I asked this question on datascience.stackexchange but they directed me here.
I have a social network represented as a set of people $S$ and individual weights for each of person (weight is the cost of person). I also have defined relationships between these people (whether people know each other or not). I must find such a subset $D$, such that every person in this subset either belongs to the set $D$ or knows someone from the set $D$ directly.
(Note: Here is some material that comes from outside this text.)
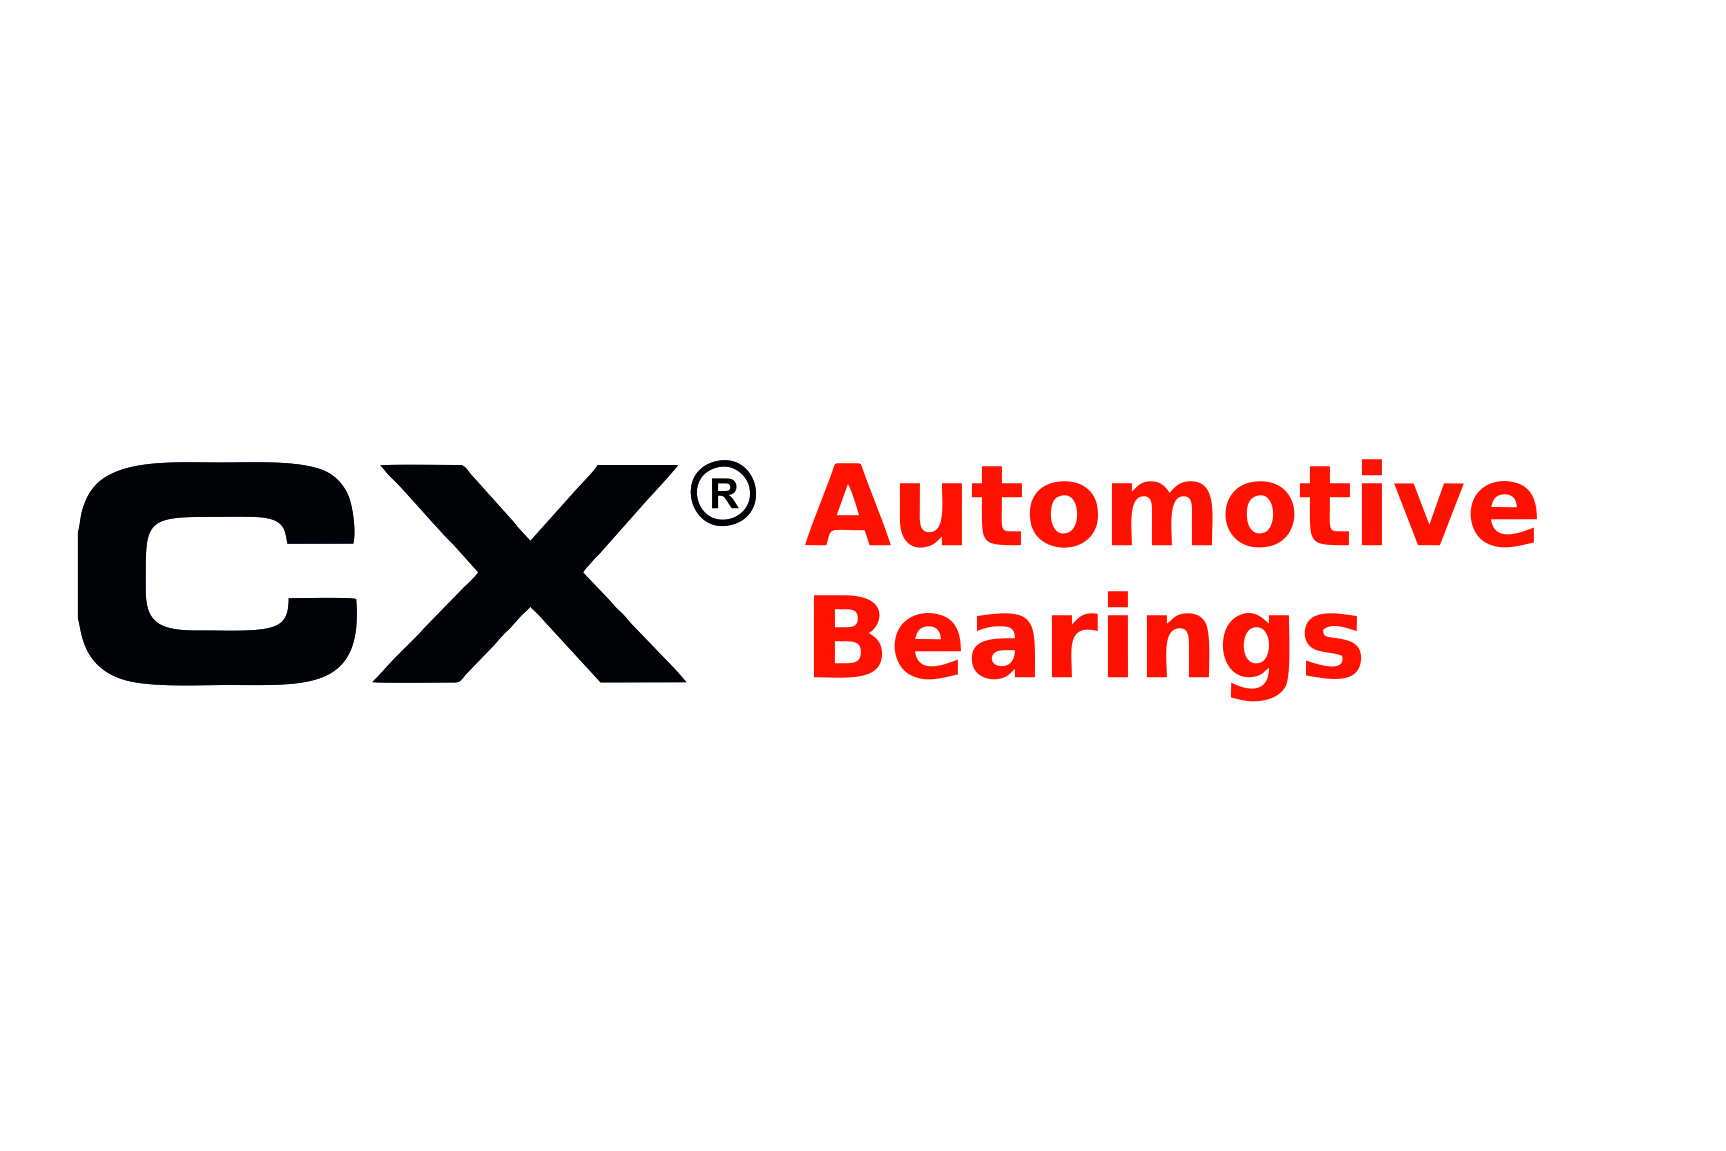 Automotive Bearings 4x6

There will be a lot of such subsets. I want the subset whose sum of weights of people is the smallest.
Let's see example:
D = {(John(7), Adam(15), Viktor(6), Bob(2)} and connections are John - Adam - Viktor - Bob. Solutions are Adam,Bob(17) OR John,Victor(13) OR Adam,Victor(21) OR John,Bob(9). The best is the last one - John,Bob(9).
I thought to create a directed graph where:
- Each vertex represents person
- Each vertex has a weight assigned to it
- Edges between vertices indicate whether the people know each other or not
I imagine this as a minimum spanning tree on directed graphs problem. I found Chu-Liu/Edmond's algorithm, I know that this algorithm works for edge-weighted graphs and I have vertices-weighted, so I just set the edge weights to what are the weights of the vertices at the end of the edge. But this is not optimal solution. I don't need direct connections between people in the set $D$.
So after I have result from that algorithm, I can apply on it some greedy algorithm, which will go recursively over each element and check how removing it from the subset $D$ will affect the structure - when the sum of the weights will be minimal and will ensure that no element falls out of set $D$ (check below).
Refer to an example, my MST result will be John,Adam,Victor,Bob(27). Best solution is John,Bob(9). Interesting bad solution is Viktor,Bob(8) - the sum is minimal, unfortunately John will fall out of the $D$ subset.
Also I assume that:
- cost of a person doesn't correlate with their degree in the network (numbers of acquaintances)
- the maximum number of people and acquaintances (vertices and edges) is about 400
Is my way to solve this problem is good? Do you suggest any other solutions for that?